■ **Source data**:
----

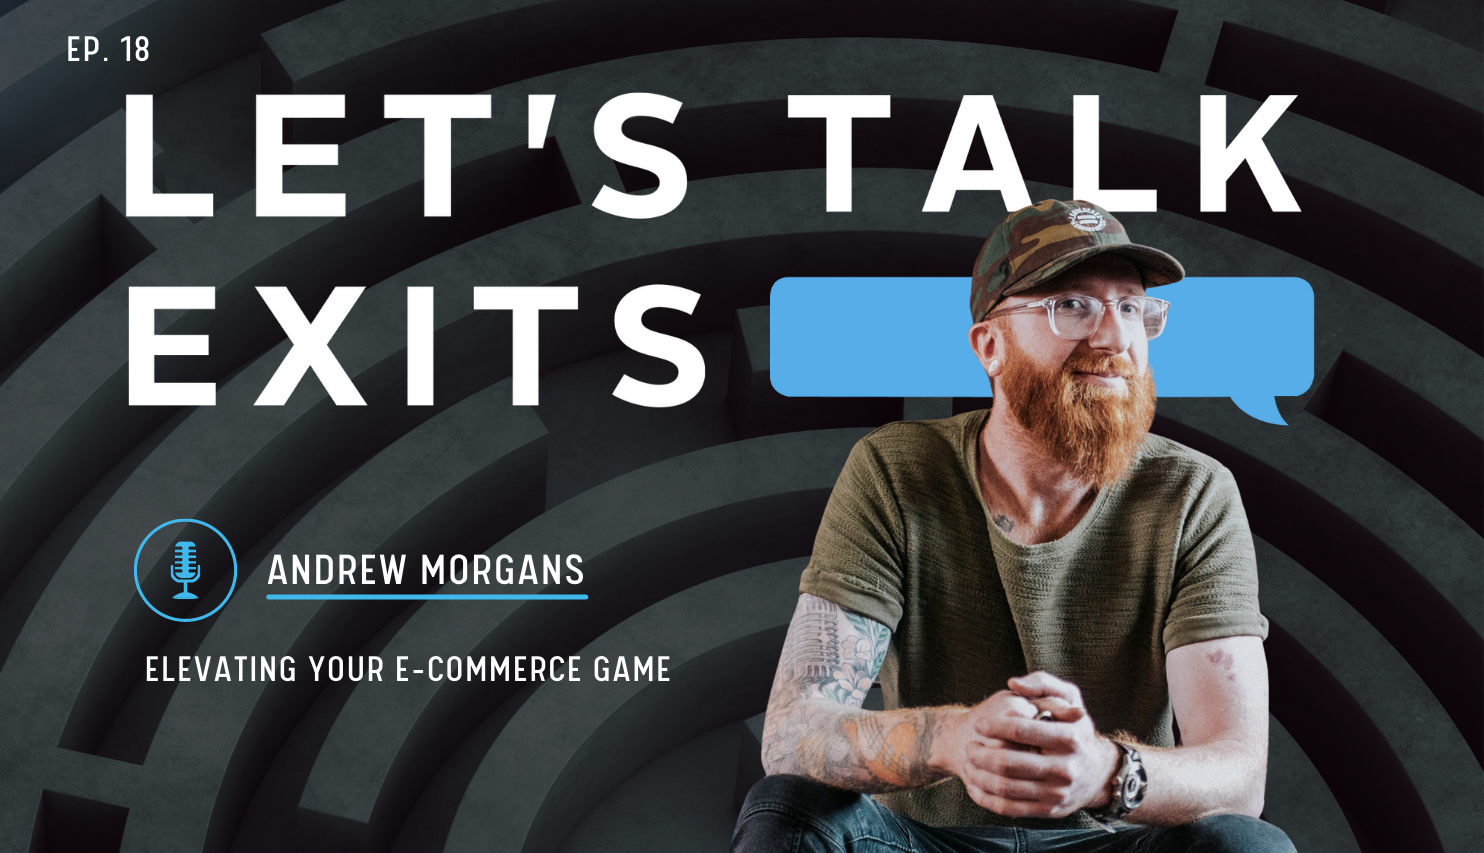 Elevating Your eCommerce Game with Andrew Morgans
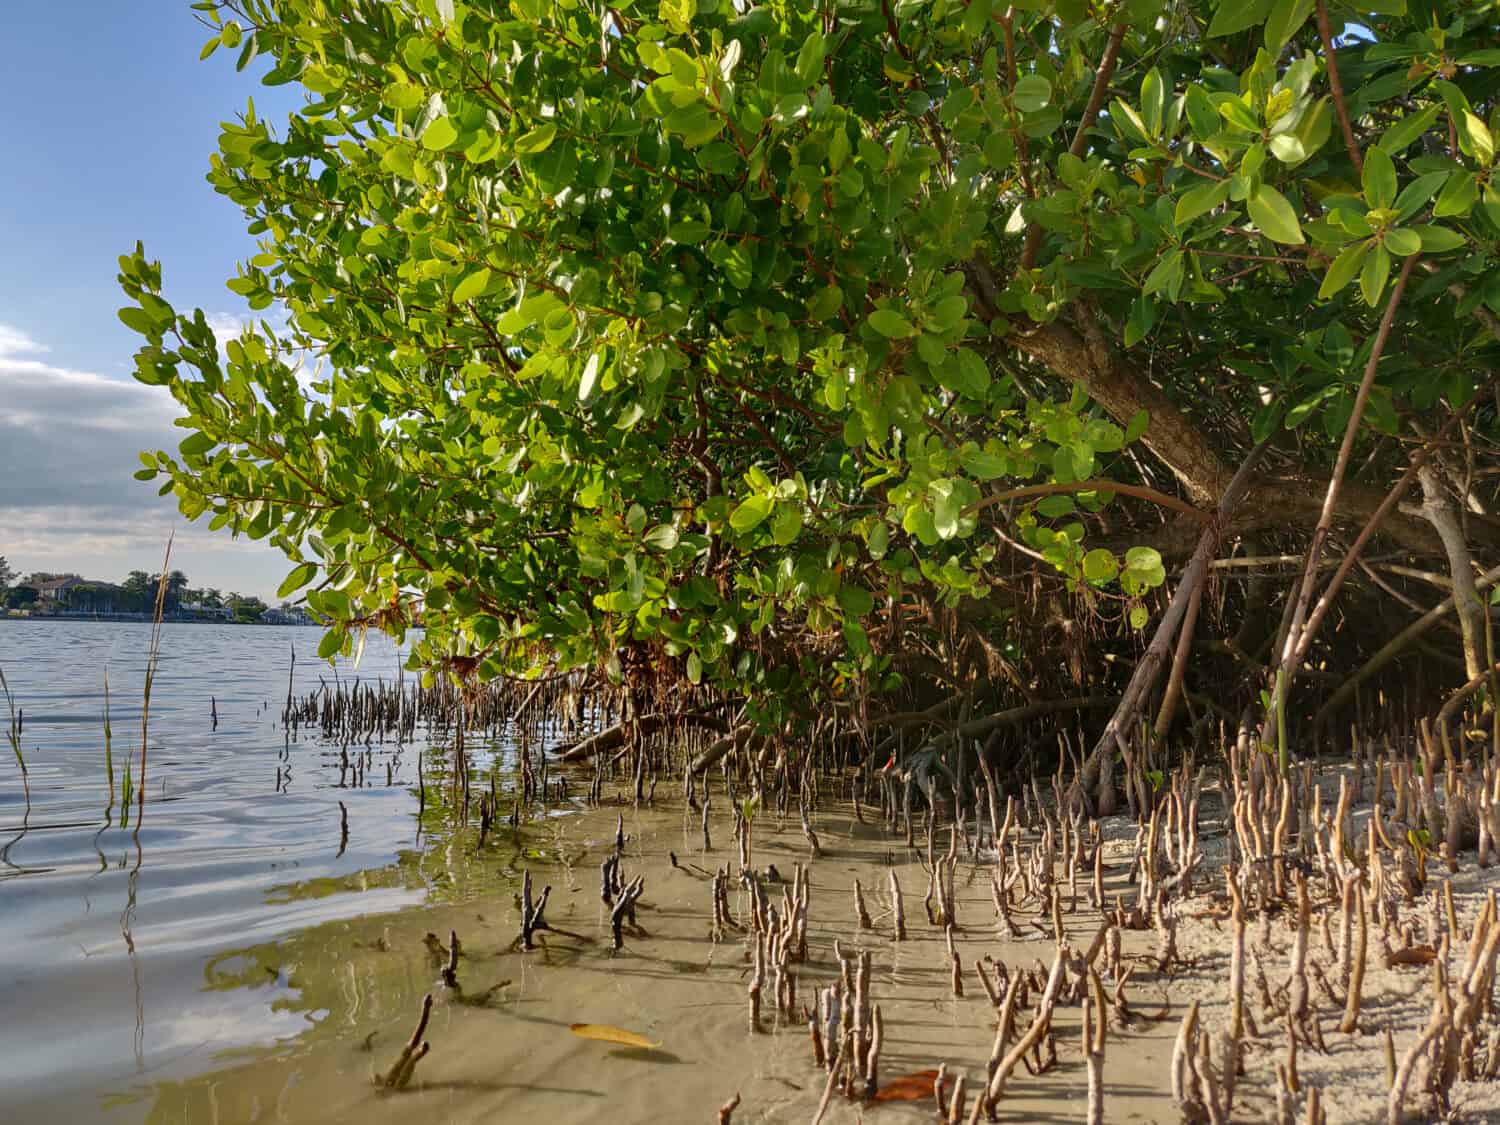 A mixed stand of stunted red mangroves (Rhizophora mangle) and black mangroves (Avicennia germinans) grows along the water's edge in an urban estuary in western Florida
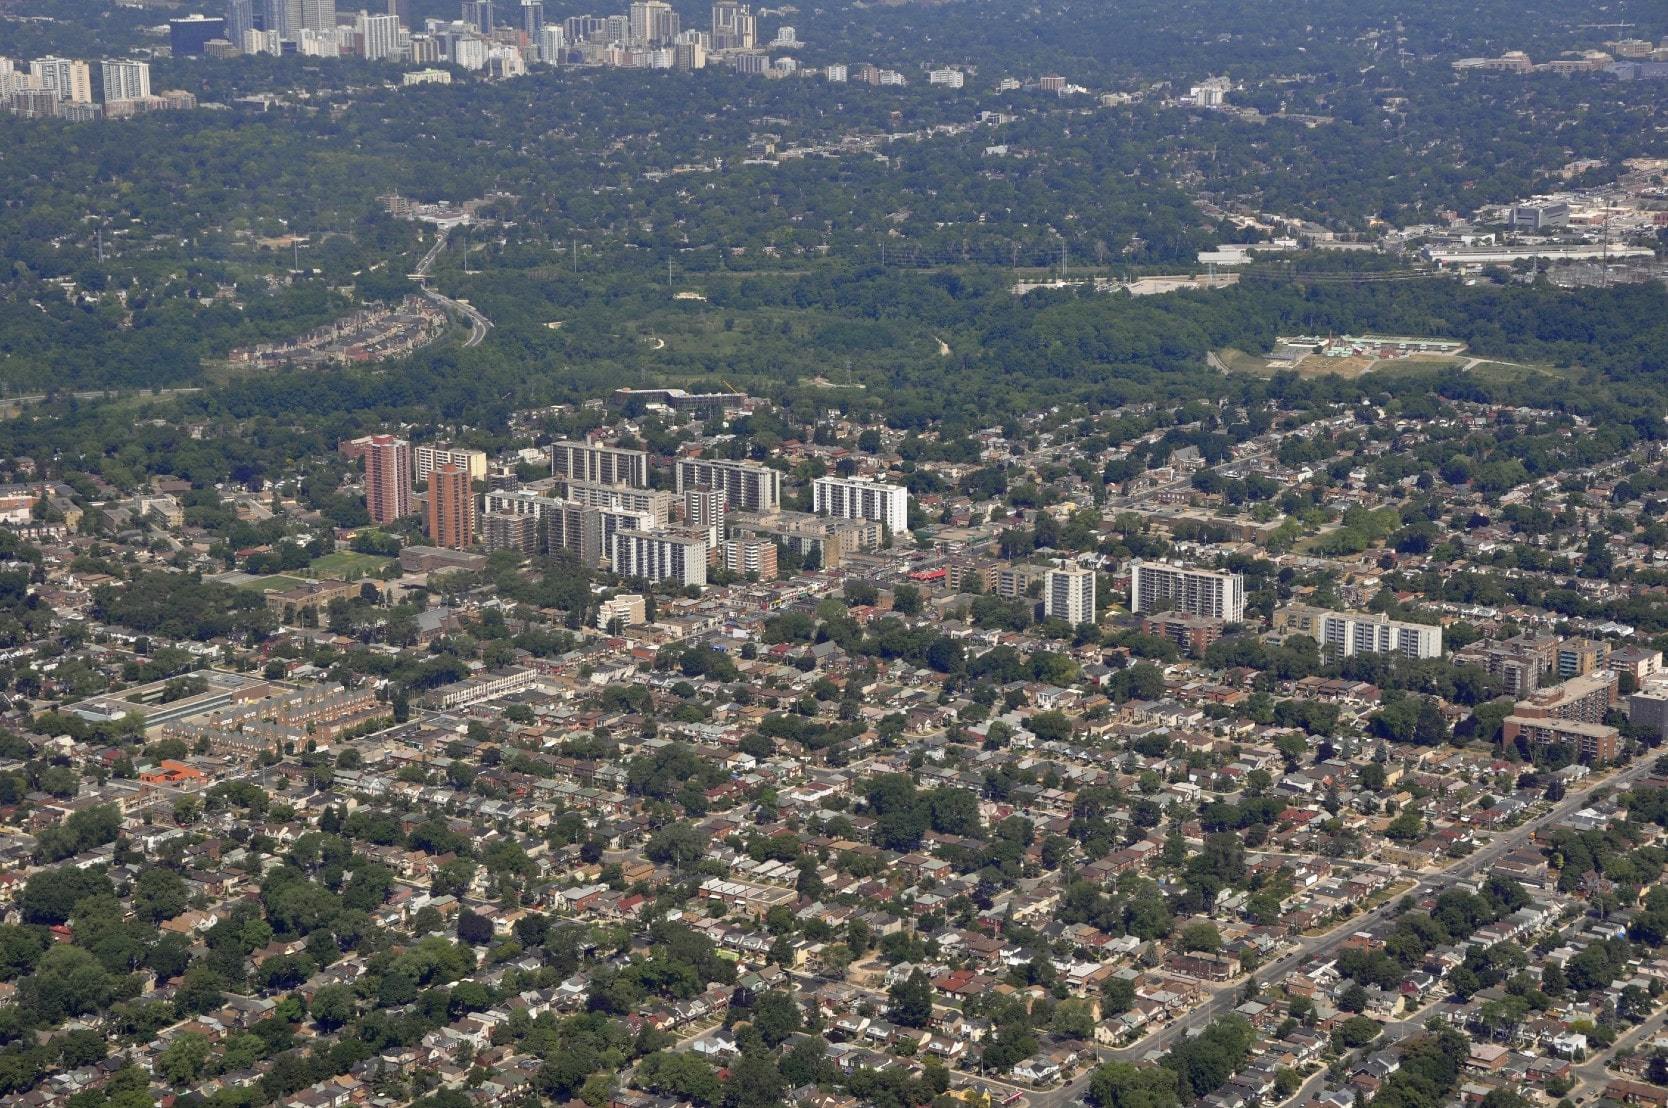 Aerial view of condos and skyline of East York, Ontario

----

■ **Directions for this task**:
The listing above is to be retyped exactly, with all pictures left out.

■ **Answer section**:
 Elevating Your eCommerce Game with Andrew Morgans
 A mixed stand of stunted red mangroves (Rhizophora mangle) and black mangroves (Avicennia germinans) grows along the water's edge in an urban estuary in western Florida
 Aerial view of condos and skyline of East York, Ontario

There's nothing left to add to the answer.